The Quantum Hall Effect and Inter-edge State Tunneling Within a Barrier
B.L. Johnson, A.S. Sachrajda, G. Kirczenow, Y. Feng, R.P. Taylor, L., Henning, J. Wang, P. Zawadzki, and P.T. Coleridge

TL;DR
This paper investigates how a nano-scale incursion into a potential barrier affects conductance in a quantum Hall system, revealing quantized plateaus, minima, and oscillations due to edge and localized state tunneling.
Contribution
It introduces a controllable nano-scale incursion into a quantum Hall barrier and analyzes the resulting tunneling phenomena and conductance features.
Findings
Observation of quantized conductance plateaus.
Identification of minima and oscillations in conductance.

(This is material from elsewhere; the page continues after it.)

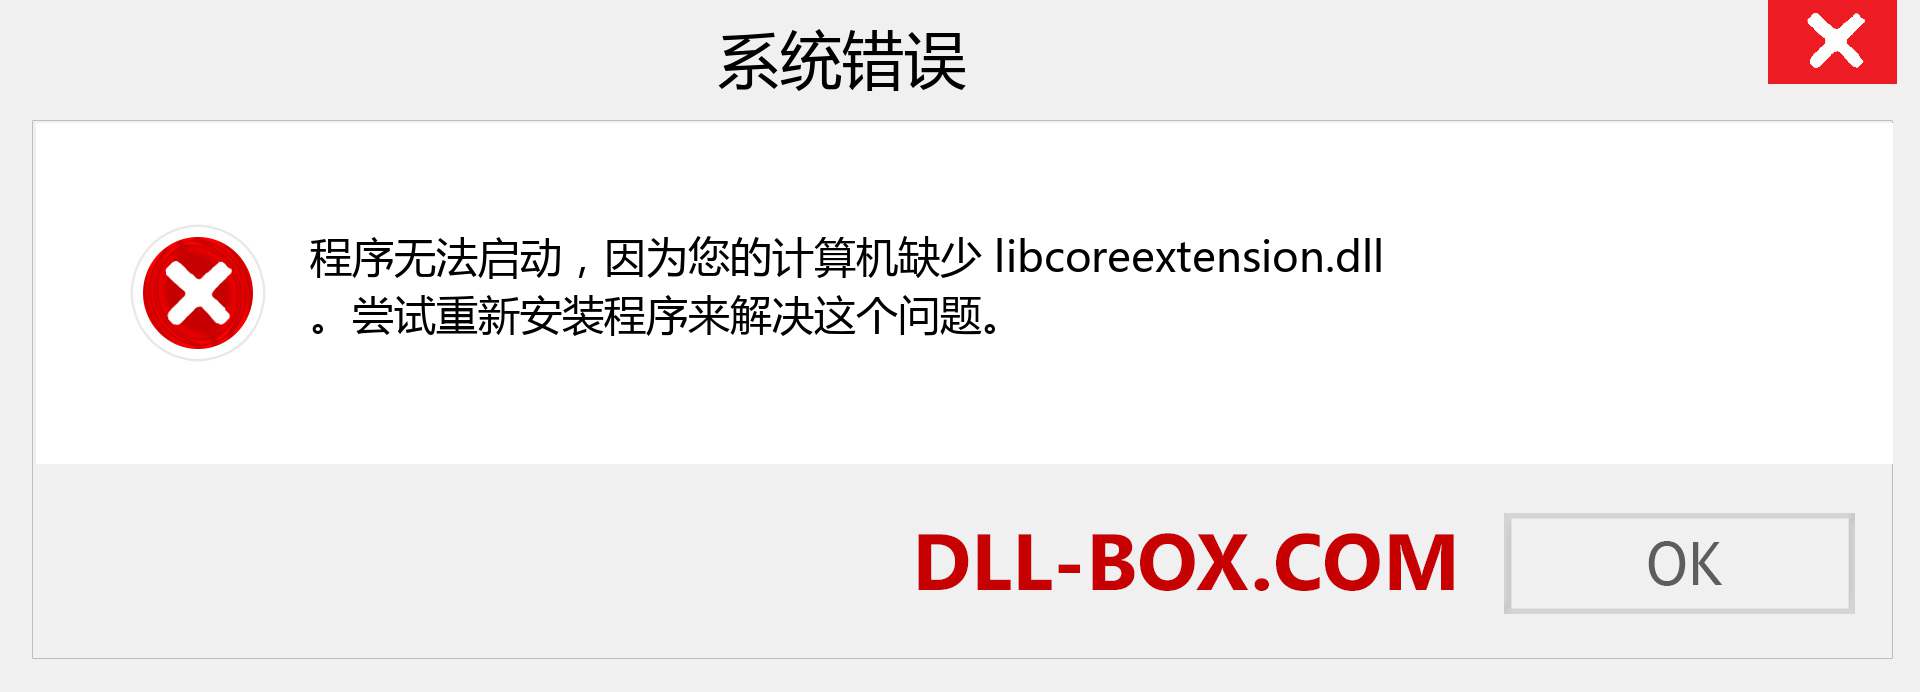 libcoreextension.dll 文件丢失？。 适用于 Windows 7、8、10 的下载 - 修复 Windows、照片、图像上的 libcoreextension dll 丢失错误

Explanation of features as tunneling between edge and localized states.
Abstract
We have introduced a controllable nano-scale incursion into a potential barrier imposed across a two-dimensional electron gas, and report on the phenomena that we observe as the incursion develops. In the quantum Hall regime, the conductance of this system displays quantized plateaus, broad minima and oscillations. We explain these features and their evolution with electrostatic potential geometry and magnetic field as a progression of current patterns formed by tunneling between edge and localized states within the barrier.